Мысль о том, что Междуречье может быть тем самым потусторонним миром, о котором чего только не выдумывают веками живущие, испугала бы Полину, если бы она просто оказалась тут. Но её принимали за другого человека. Конечно, тоже своего рода ад, но какой-то уж больно витиеватый.
Нет-нет, она вовсе не умерла. Тут что-то другое.
Вольфганг Пэй отказывался слушать истории о Земле, Полина же собирала пазл здешних реалий старательно и кропотливо. Всё силясь обнаружить свои противоречия и неувязки, как, исходя из историй её призрачного доктора, бывало в бреду других пациентов.
Но безумие Междуречья казалось логичным.
Полина бродила по коридорам в дозволенные часы, почти переходя на бег, резко заворачивала за углы, в надежде вывернуть не там, где должна. Ей представлялось, что это докажет иллюзорность фантазии.
Стеноход Брустис считал полными скверны не только горизонтальные поверхности, но и всякое мясо перевёртышей, забитых не в облике насекомого.

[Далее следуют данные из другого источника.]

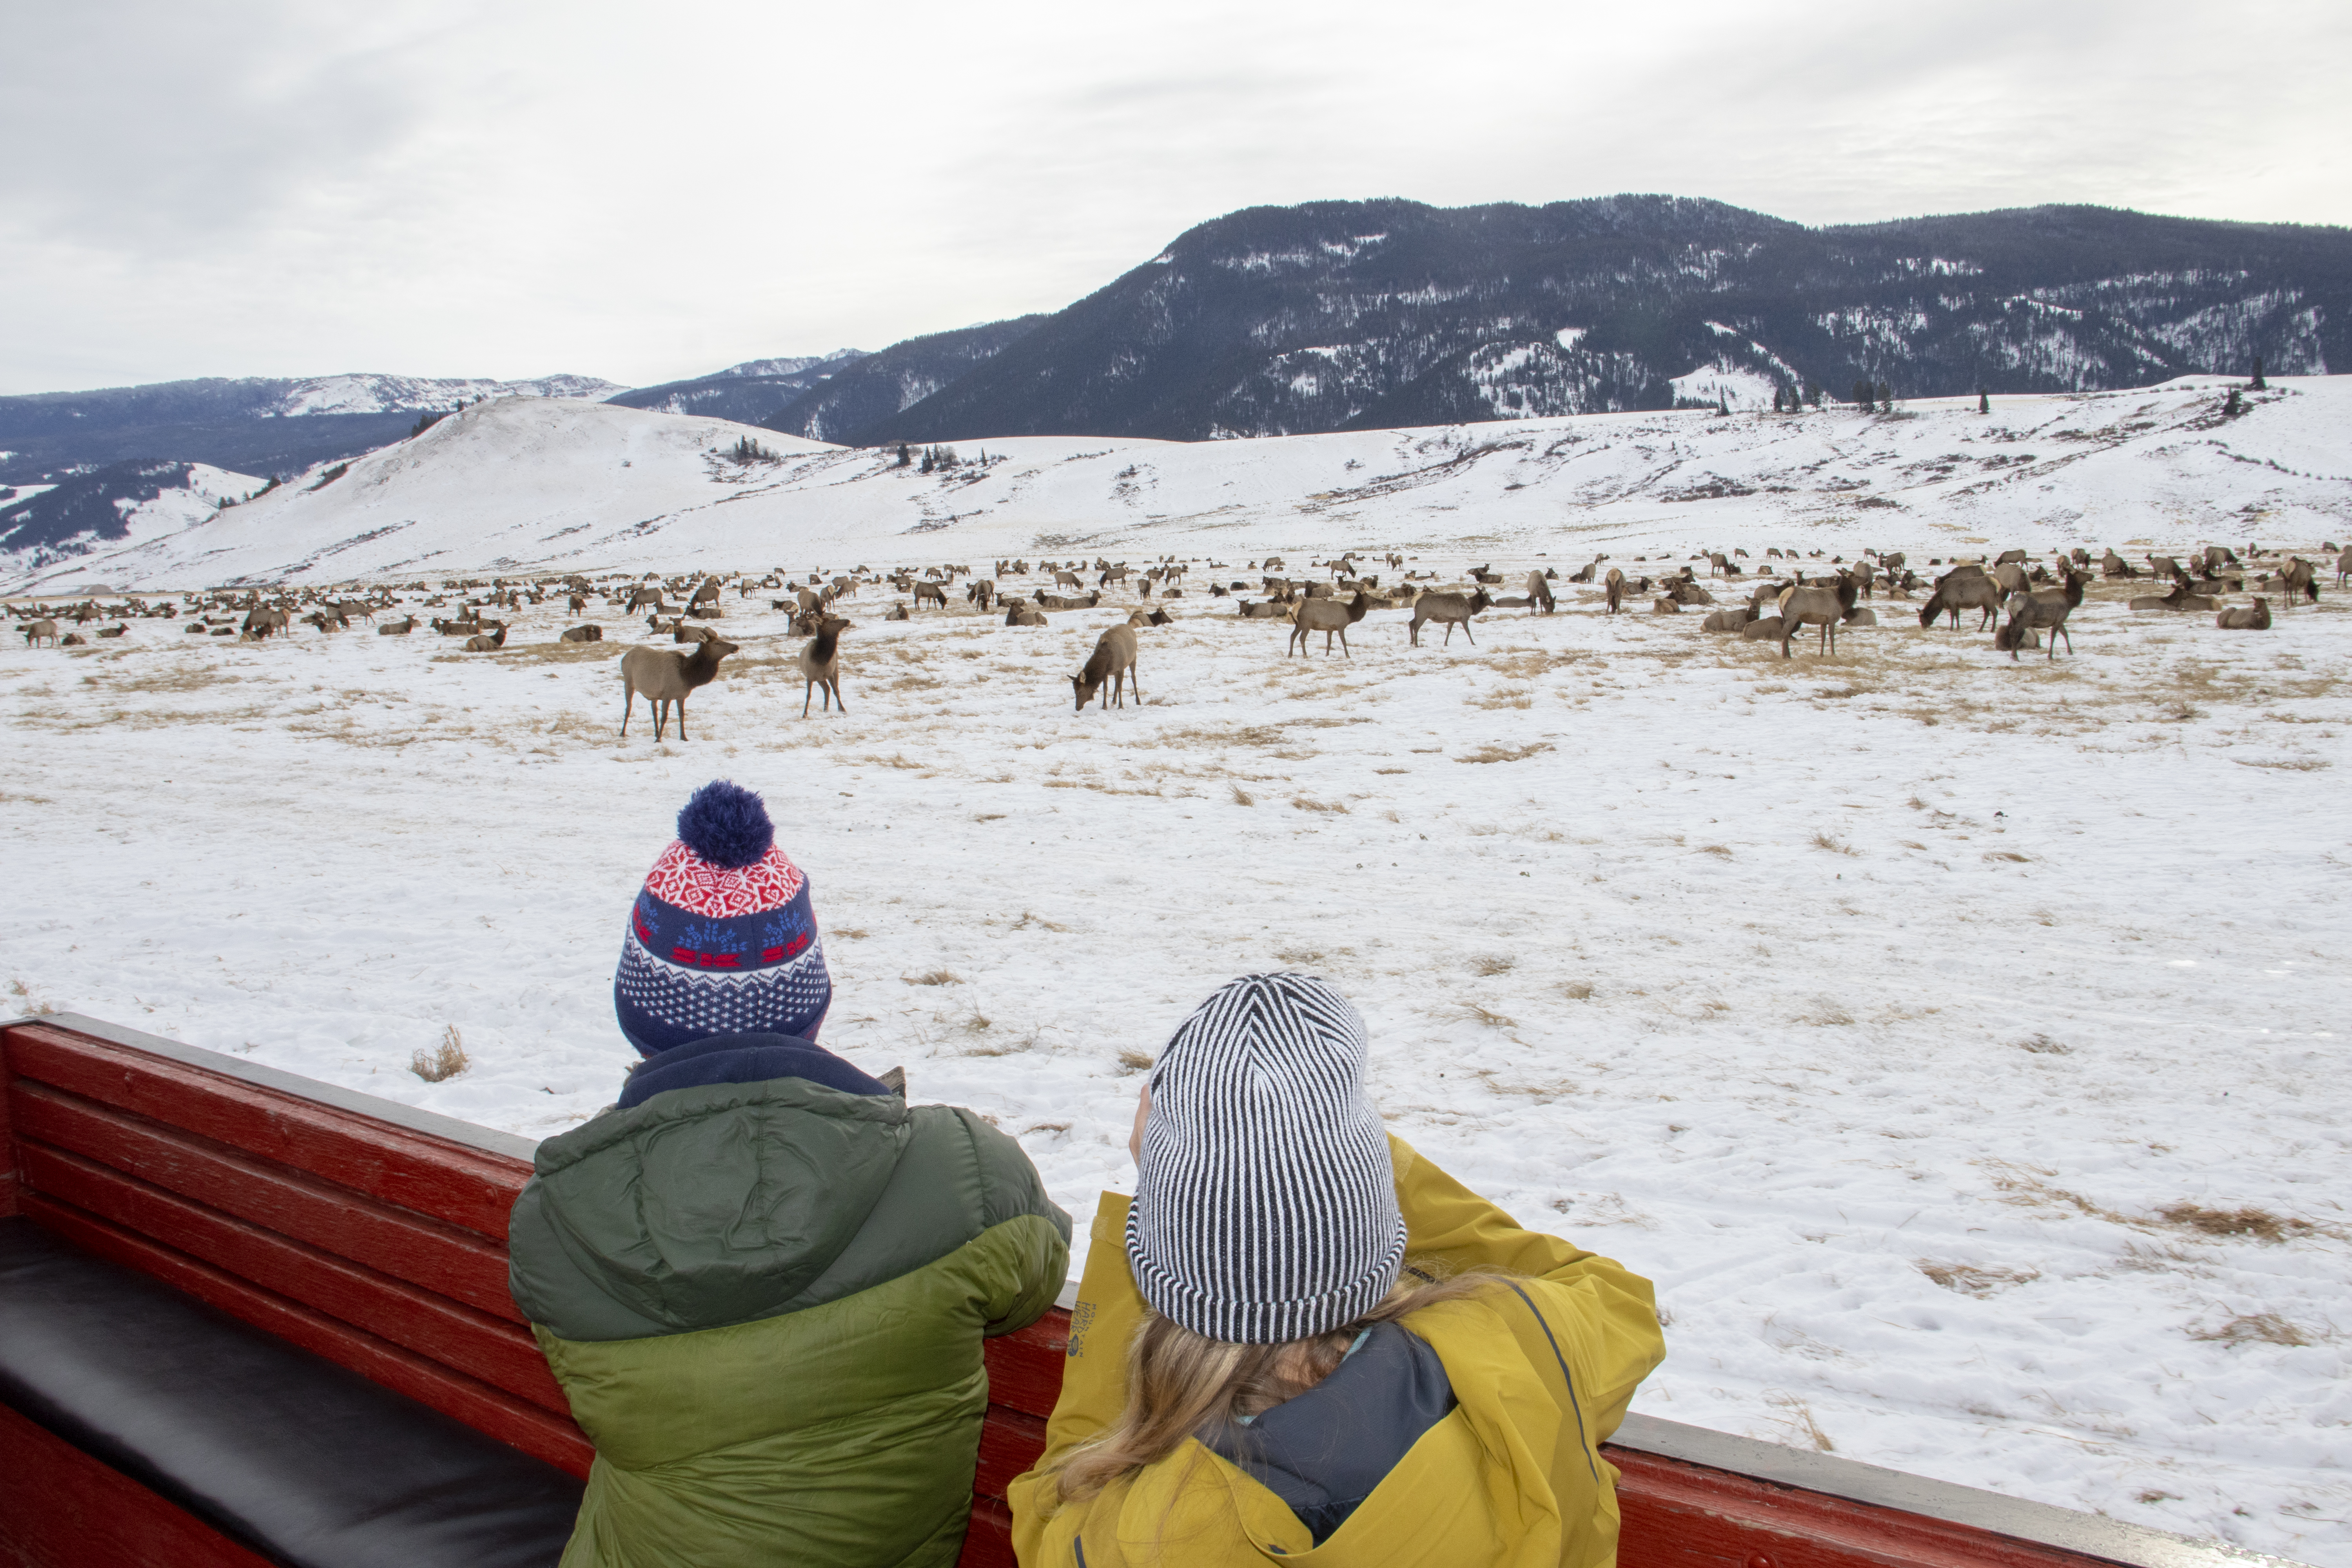 Two children looking at a herd of elk from the bed of a carriage in a snowy landscape with mountains in the background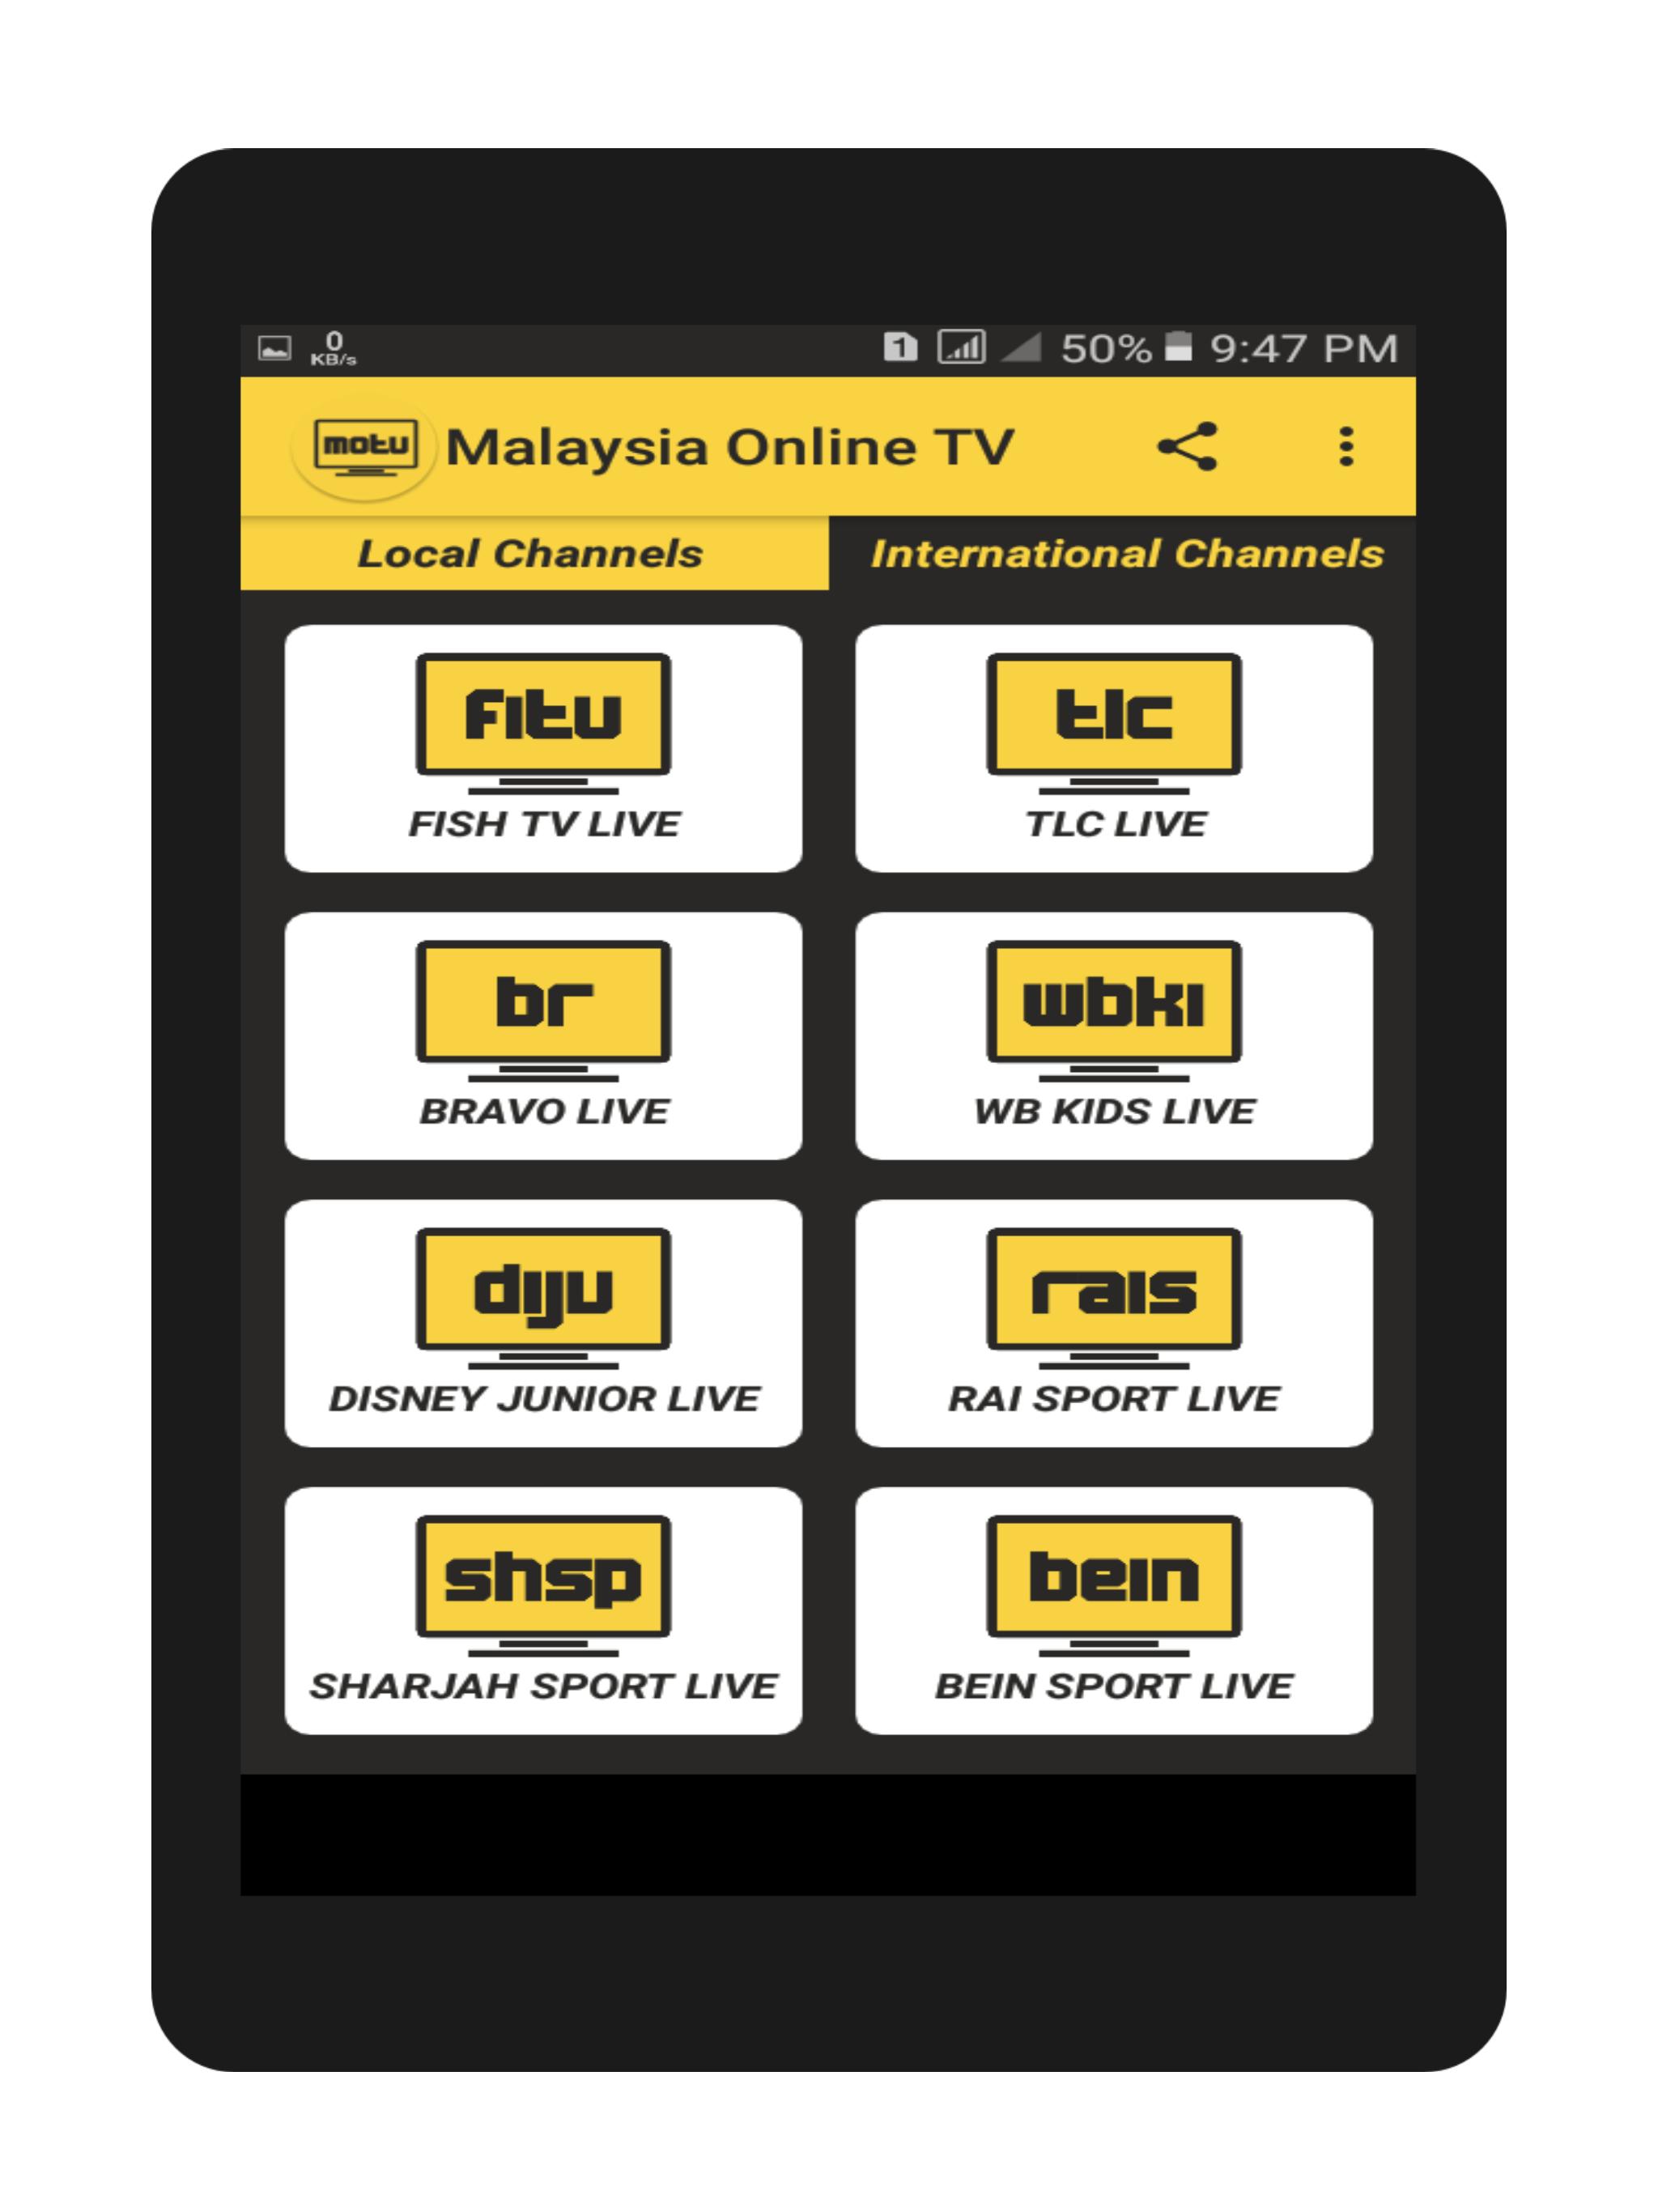 Motv Malaysia Online Tv For Android Apk Download

Все животные Междуречья были многоликими. Они менялись по своему усмотрению, и муравьишка совершенно буднично мог обернуться китом, способным плавать в охряном тумане небыли.
Вольфганг Пэй объяснил, что простолюдины часто специализируются на придаче перевёртышам определённого вида, необходимого на убой. Целые фермы занимались производством мяса различных сортов. А вот использовать здешнюю живность в хозяйстве было практически невозможно: дрессировке перевёртыши не поддавались и ходить в одном виде не любили.